Problem requirements:
Your task is to transcribe the data exactly while omitting each picture.

Information supplied:
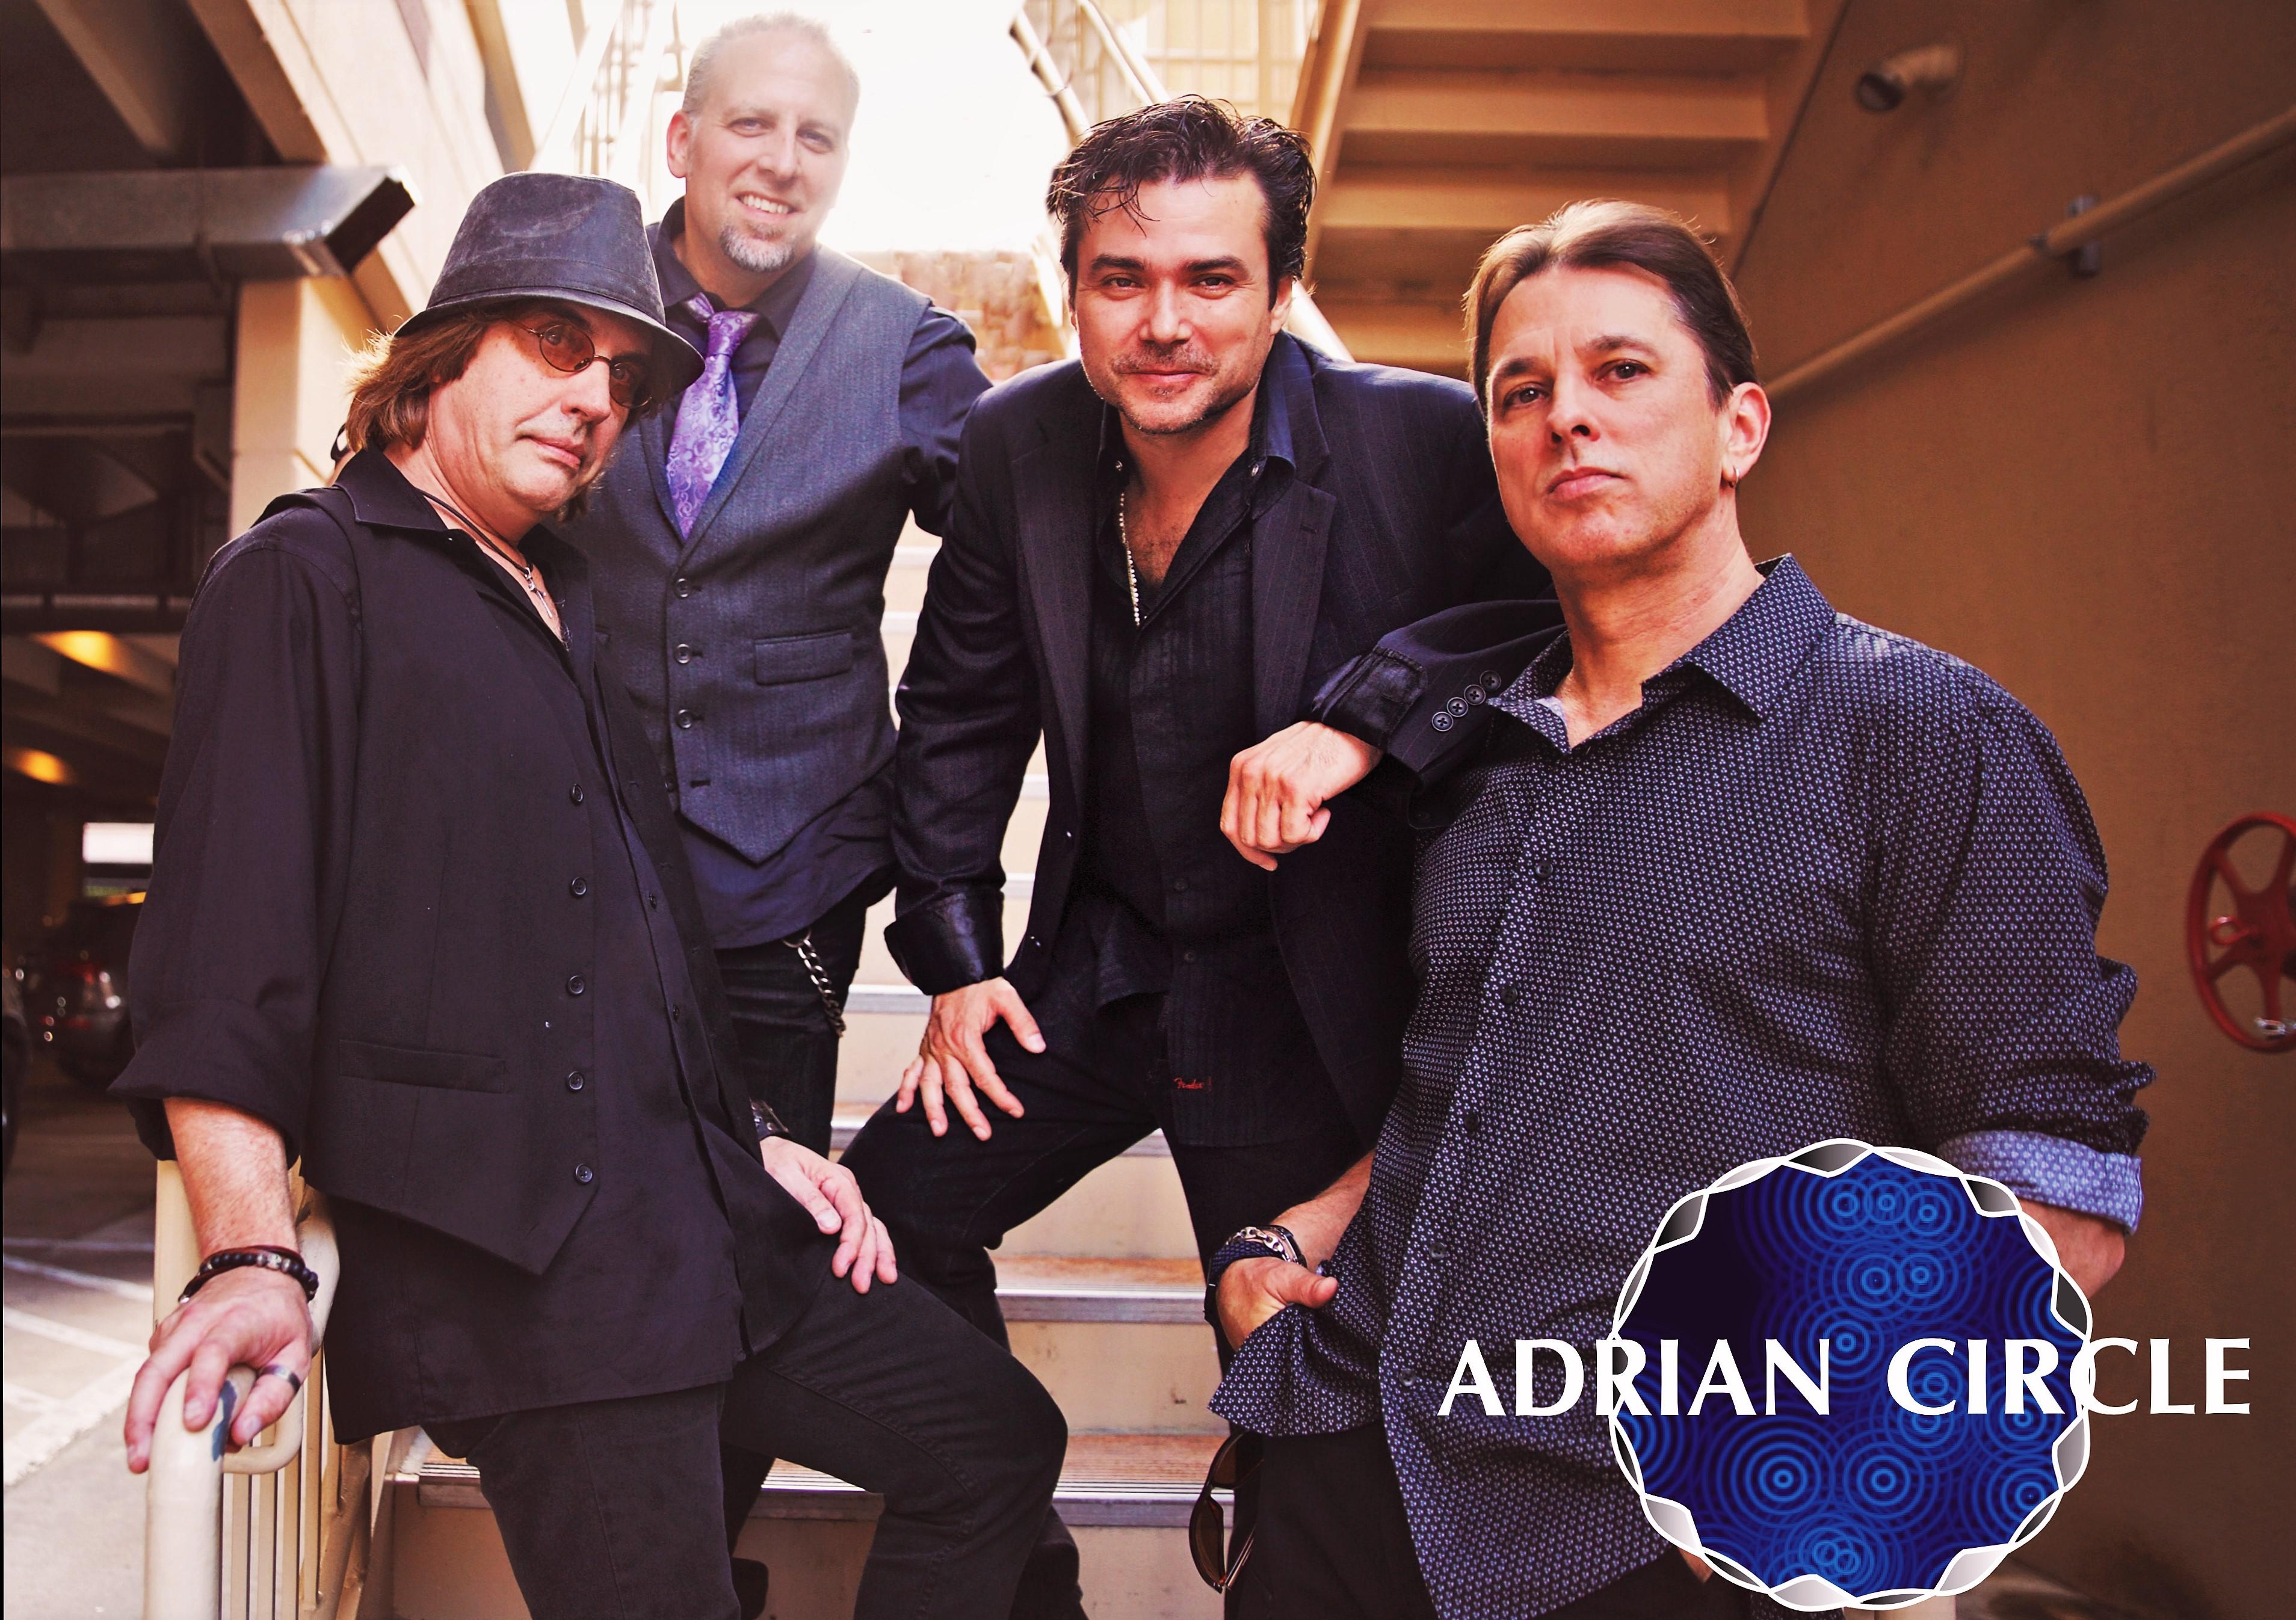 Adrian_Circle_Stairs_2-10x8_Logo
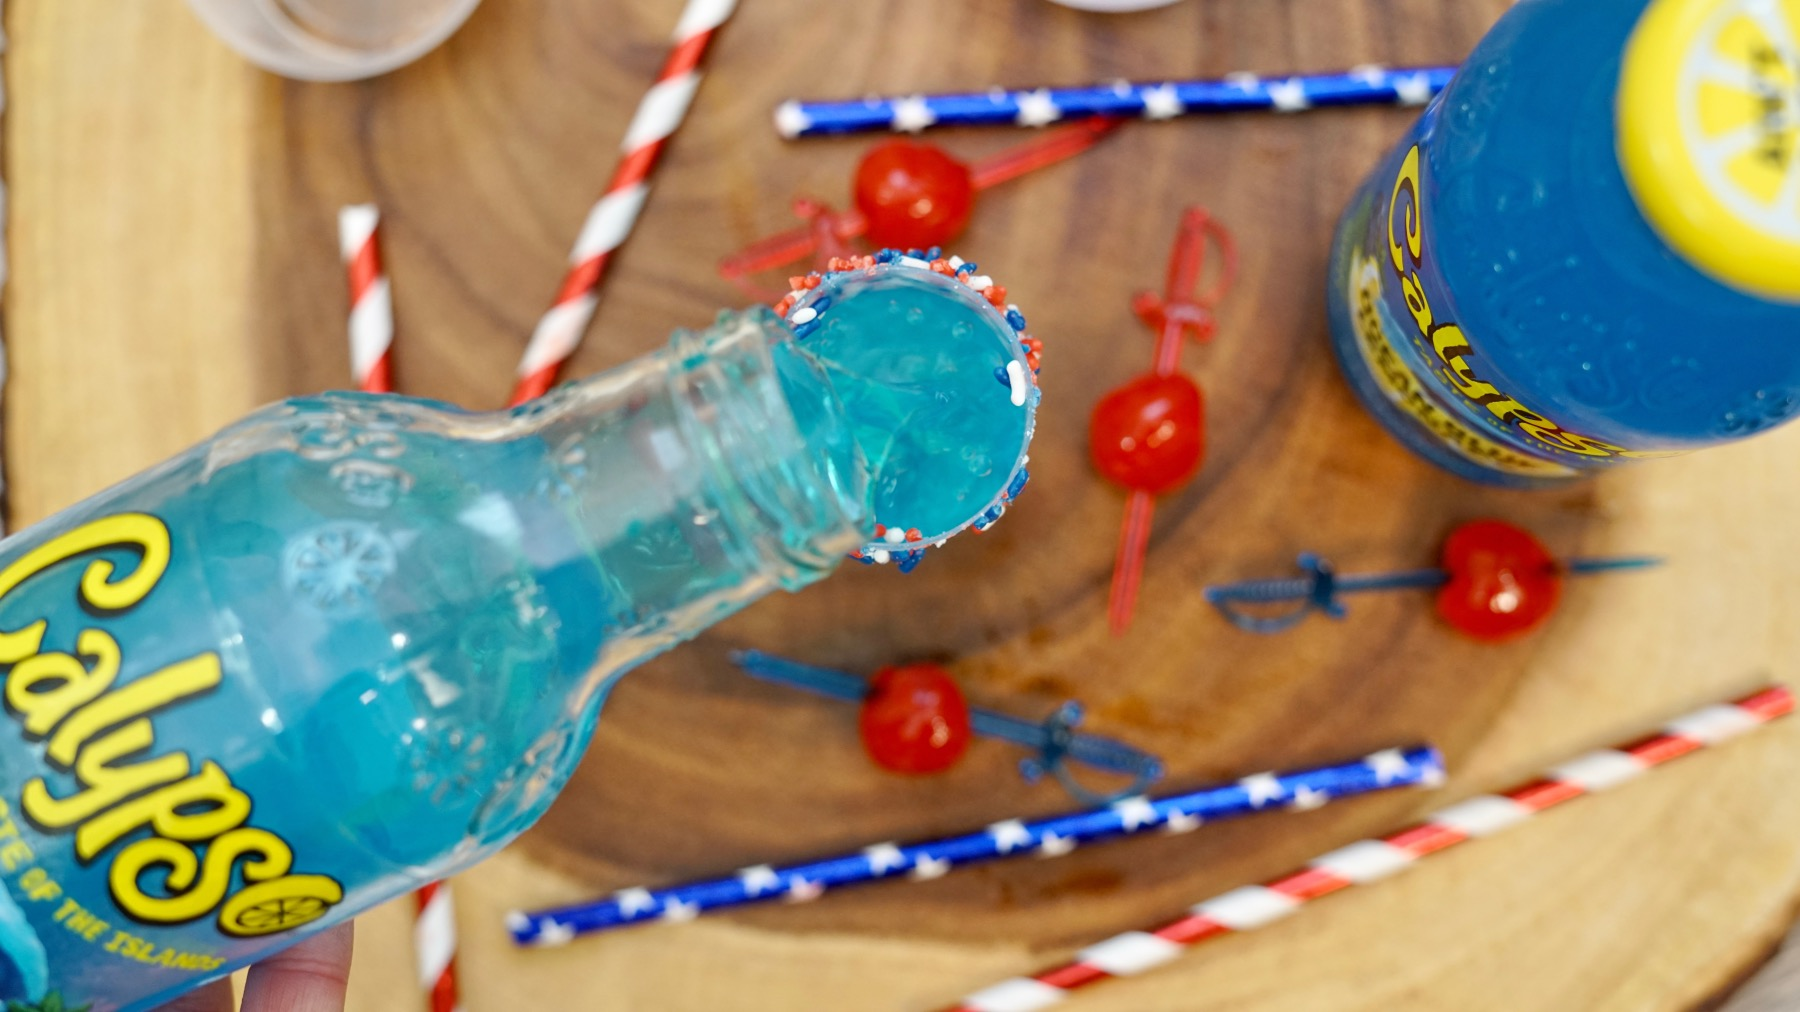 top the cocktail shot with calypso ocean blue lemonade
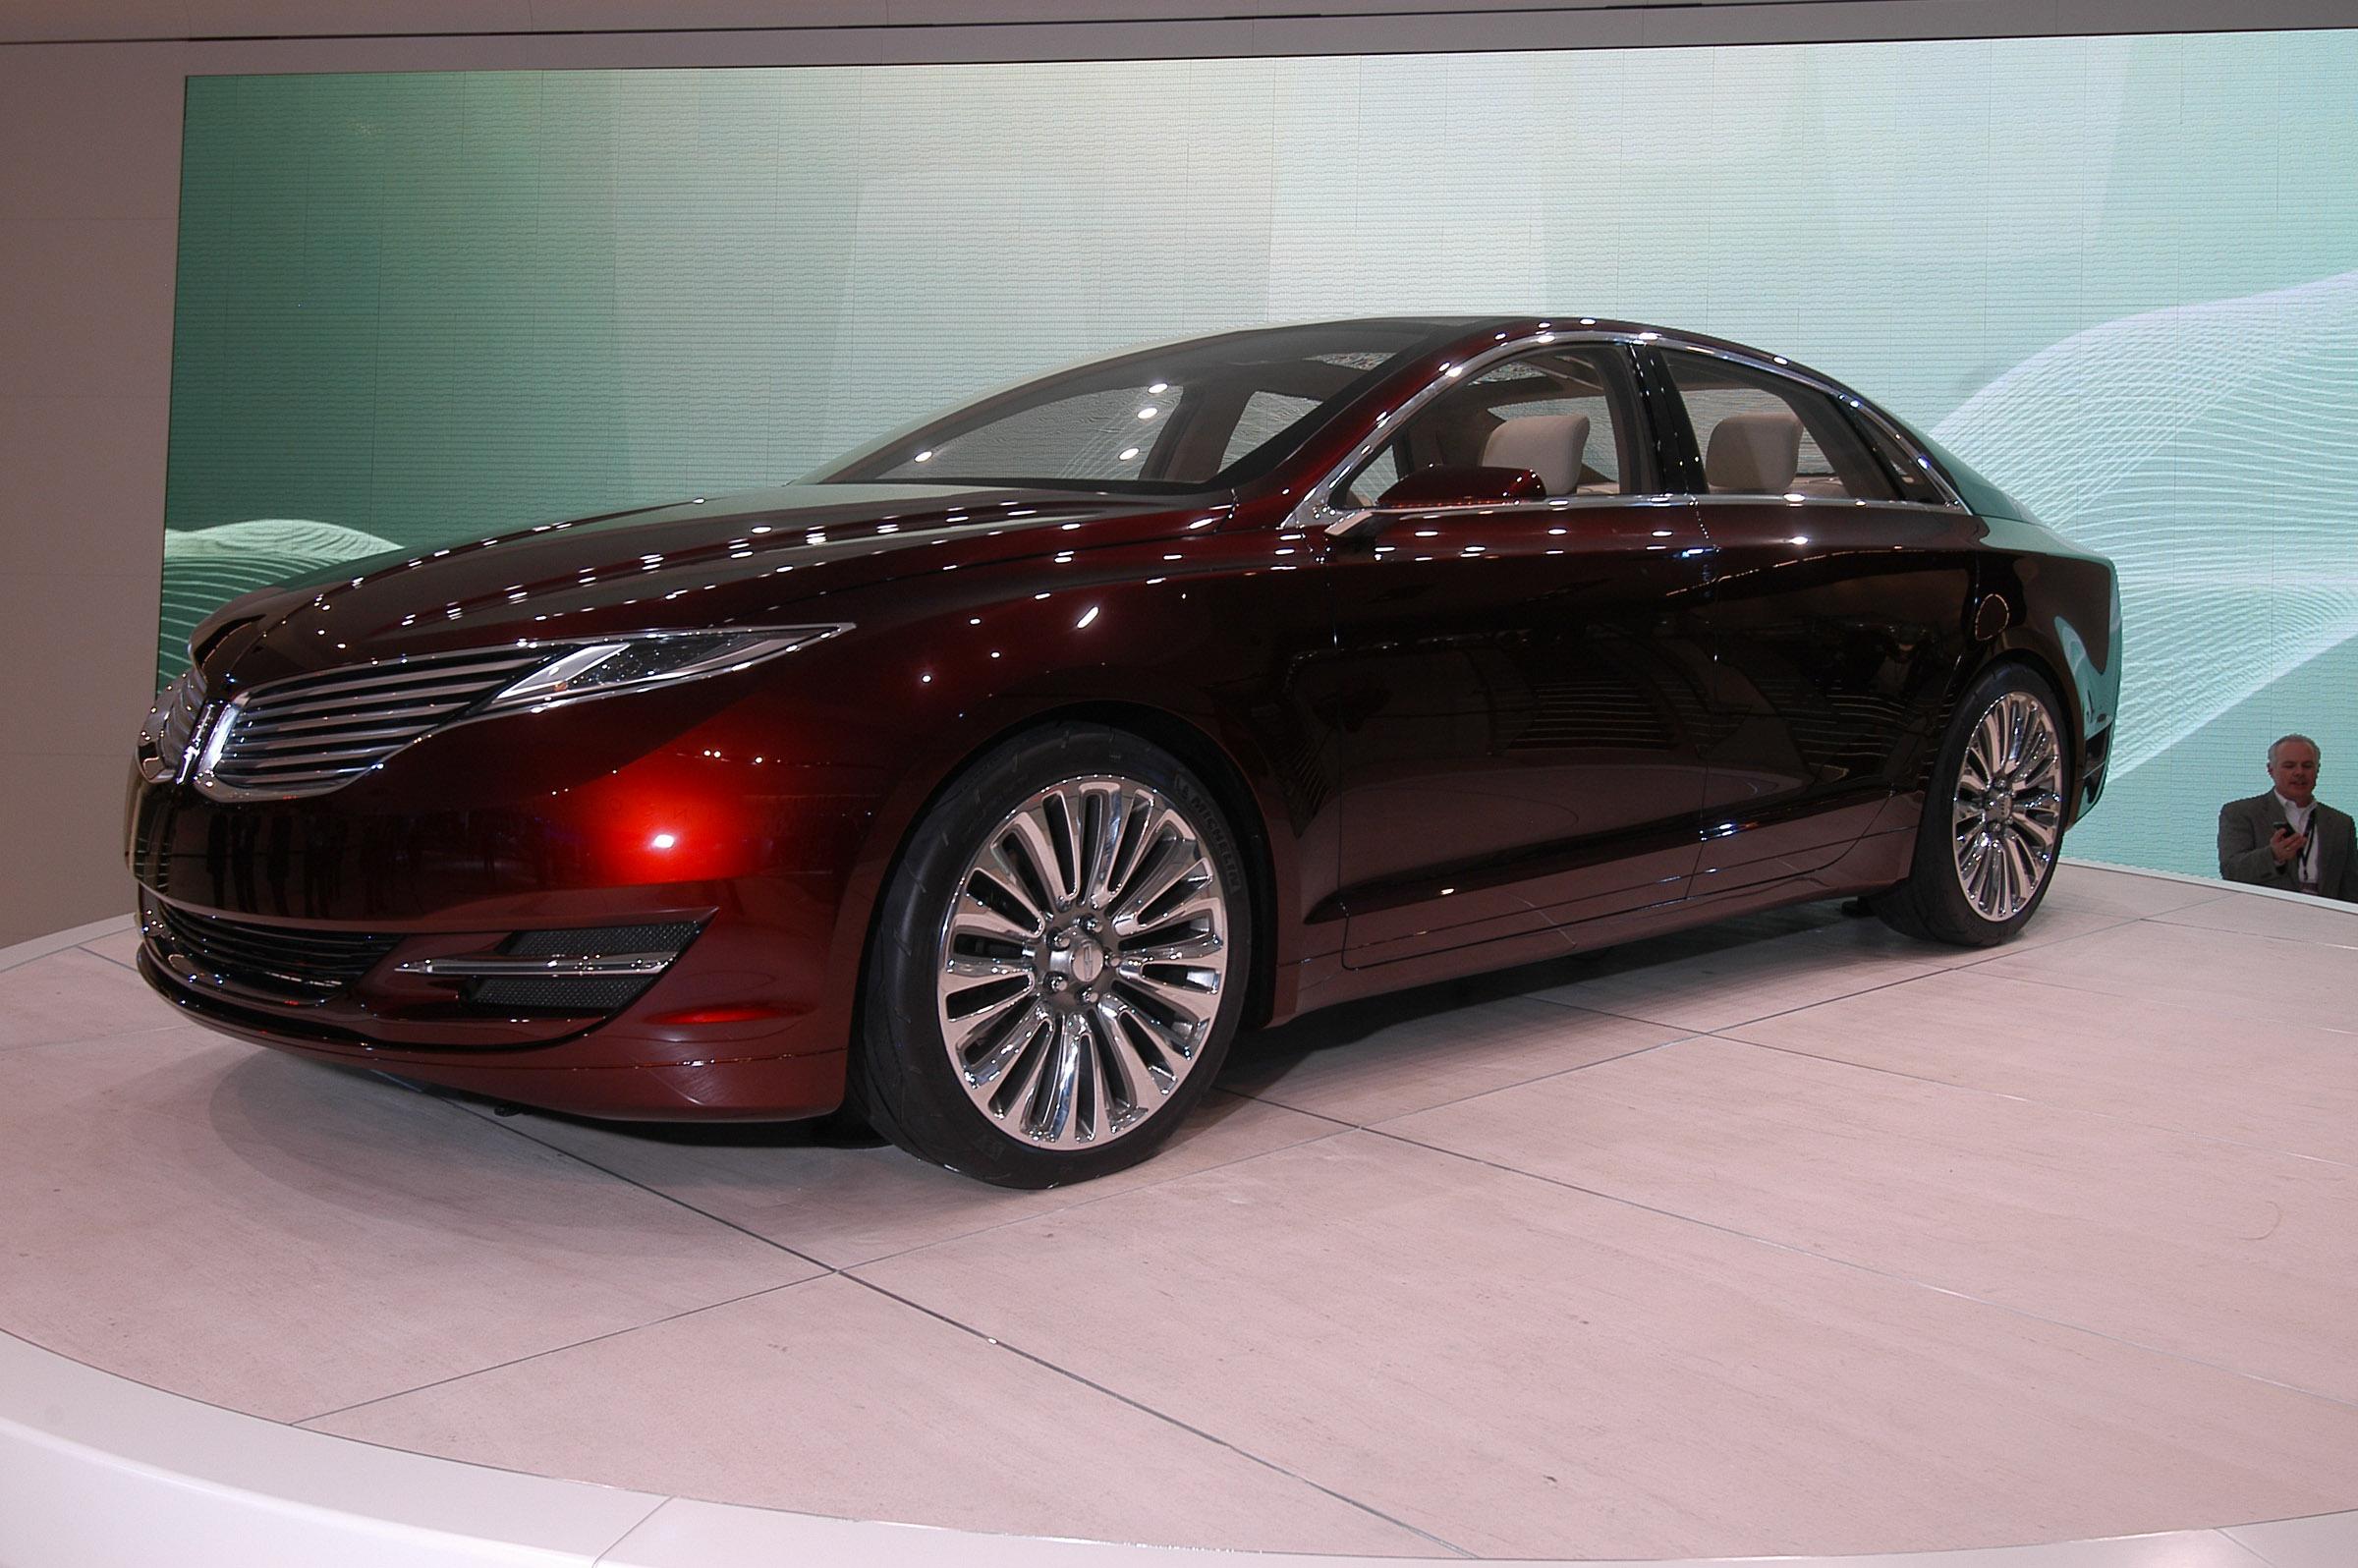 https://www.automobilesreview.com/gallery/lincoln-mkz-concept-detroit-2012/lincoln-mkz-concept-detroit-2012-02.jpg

Written answer:
 Adrian_Circle_Stairs_2-10x8_Logo
 top the cocktail shot with calypso ocean blue lemonade
 https://www.automobilesreview.com/gallery/lincoln-mkz-concept-detroit-2012/lincoln-mkz-concept-detroit-2012-02.jpg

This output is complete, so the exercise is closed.